Mr Price is a decent share, and yes you do need to put down around R5K per trade to make it work, and even then, it should be a long term (5+) years before thinking about selling.

It it worth it. hell yeah, but only for the long term ie retirement.

----------


## Pap_sak

Some great info there jjdewet - and satrix is a great way for guys to get into the market with minimum fees, as compared to unit trusts - even though maybe as not as focused - the savings on fees should make that up in most cases.

I do not agree with your 20K, and 100k minimum amounts though. I think as long as your trade is around R5K and you investing for the long term (10 years and longer) you are fine. I DO agree if it's a year or less though. But, as you say, it's whether you are speculating or investing.

----------


## jjdewet

Thats true. When investing, you can start with basically nothing...but fees will eat a lot of capital. When you want to be a cowboy and trade derivatives, you will need a lot of cash, and have a 95% to blow it...

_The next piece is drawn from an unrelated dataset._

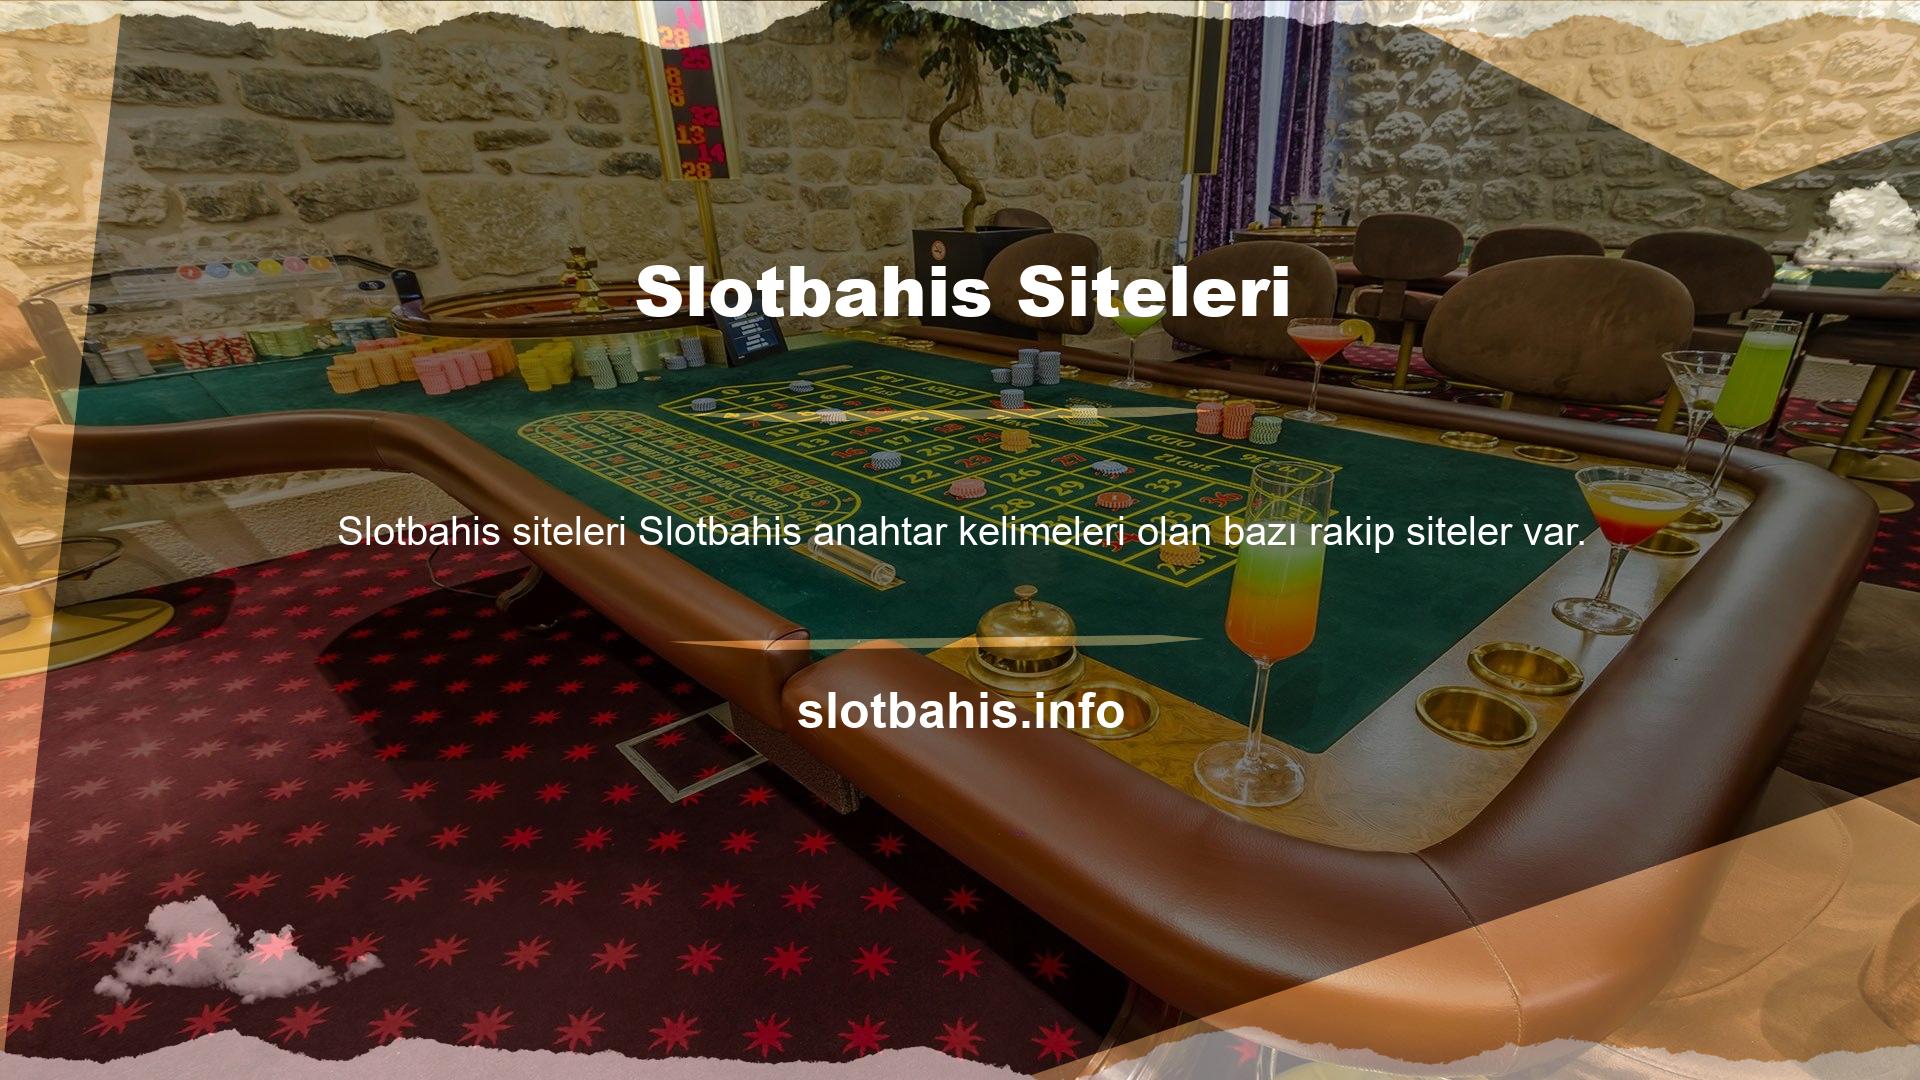 Bunlardan şu anda üç numara olan web sitem @Slotbahis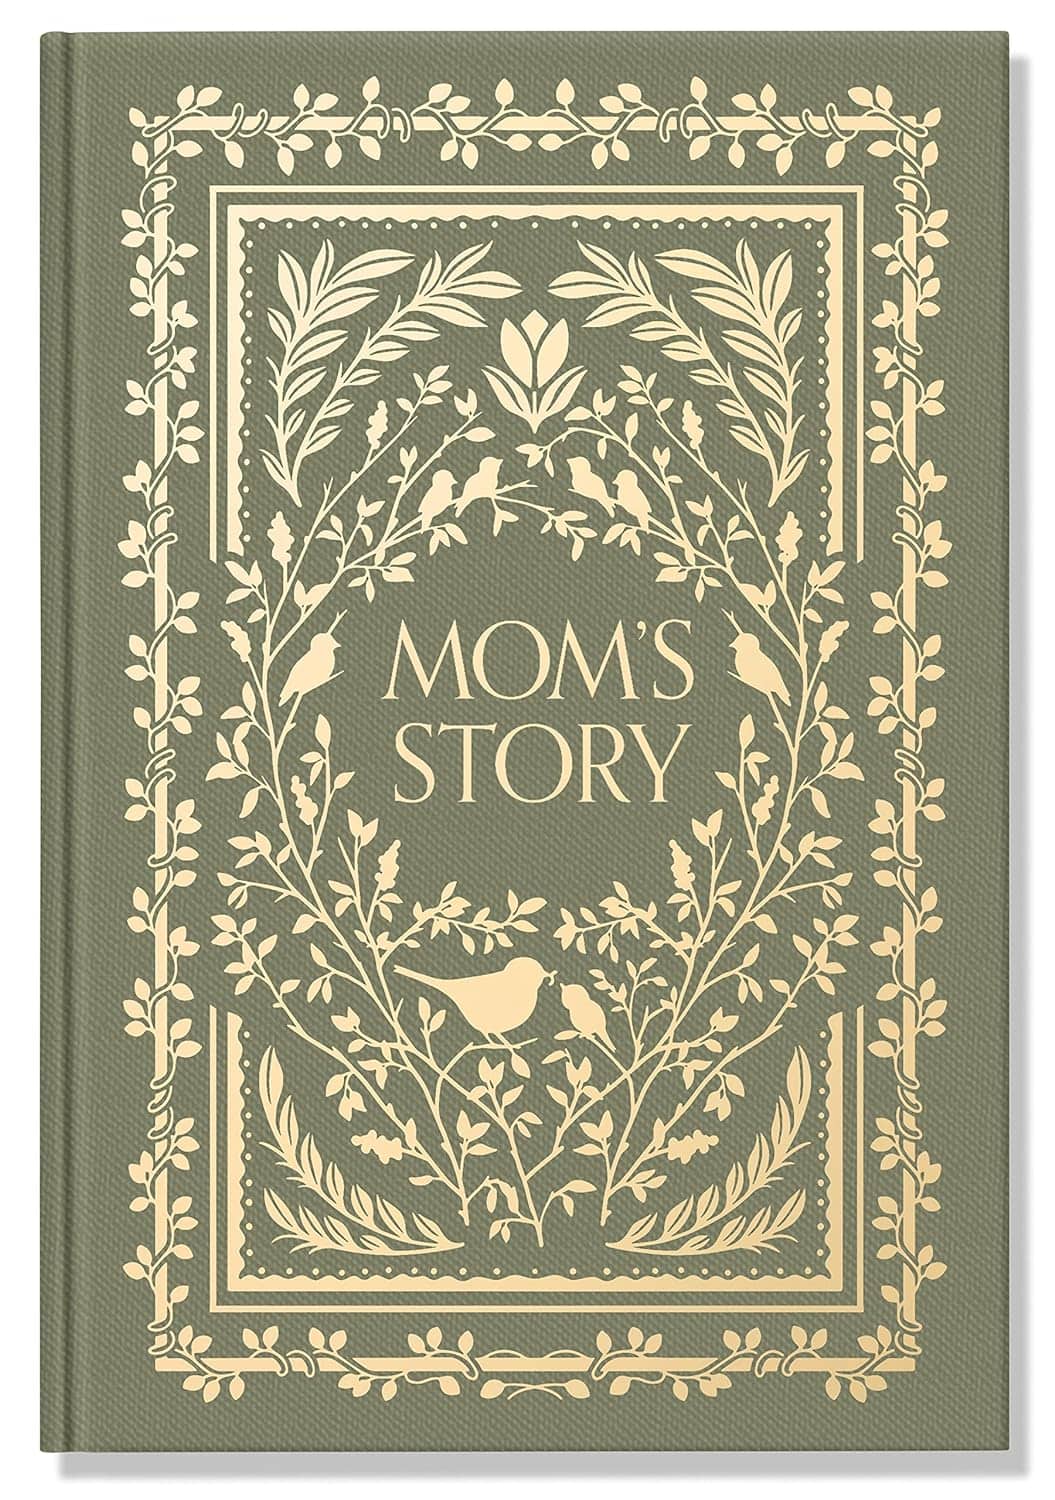 Mom's Story journal for moms

> Some great info there jjdewet - and satrix is a great way for guys to get into the market with minimum fees, as compared to unit trusts - even though maybe as not as focused - the savings on fees should make that up in most cases.
> 
> I do not agree with your 20K, and 100k minimum amounts though. I think as long as your trade is around R5K and you investing for the long term (10 years and longer) you are fine. I DO agree if it's a year or less though. But, as you say, it's whether you are speculating or investing.

----------


## Faan

Up to about two years ago there was someone in the Free State who would watch the markets and then advise you when to buy and at what price and sell as well. He said that you could start with as little as R2000 and then buy a particular share on his recommendation and put it back into the market at the original price plus 10%.  The 10% would cover all costs and give you a profit of 6%.  If this is repeated 90 times R2000 could become R1m.  He stopped doing this when the market became too volatile and he did not want to put other people at risk with his recommendations. 

I have no doubt that over the long term the stock market would give a better yield than what any of the banks could give.  Over the short term the whole thing becomes much more riskier and you have to have a good heart to invest / play on the stock exchange.  It is easy to start the morning with a nice profit and within a half hour have a loss. 

Someone who operates a business at www.world-focus.co.za has a system (program) they sell and you would become an investing member and they would then either email or sms early morning what you have to buy and at the same time tell what you have to sell. (I would appreciate some comments on this)

My own feeling is that unless you have someone who knows the markets very well and can interpret all the relevant graphs you have to make very sure that you have enough knowledge yourself to do short term investments.

----------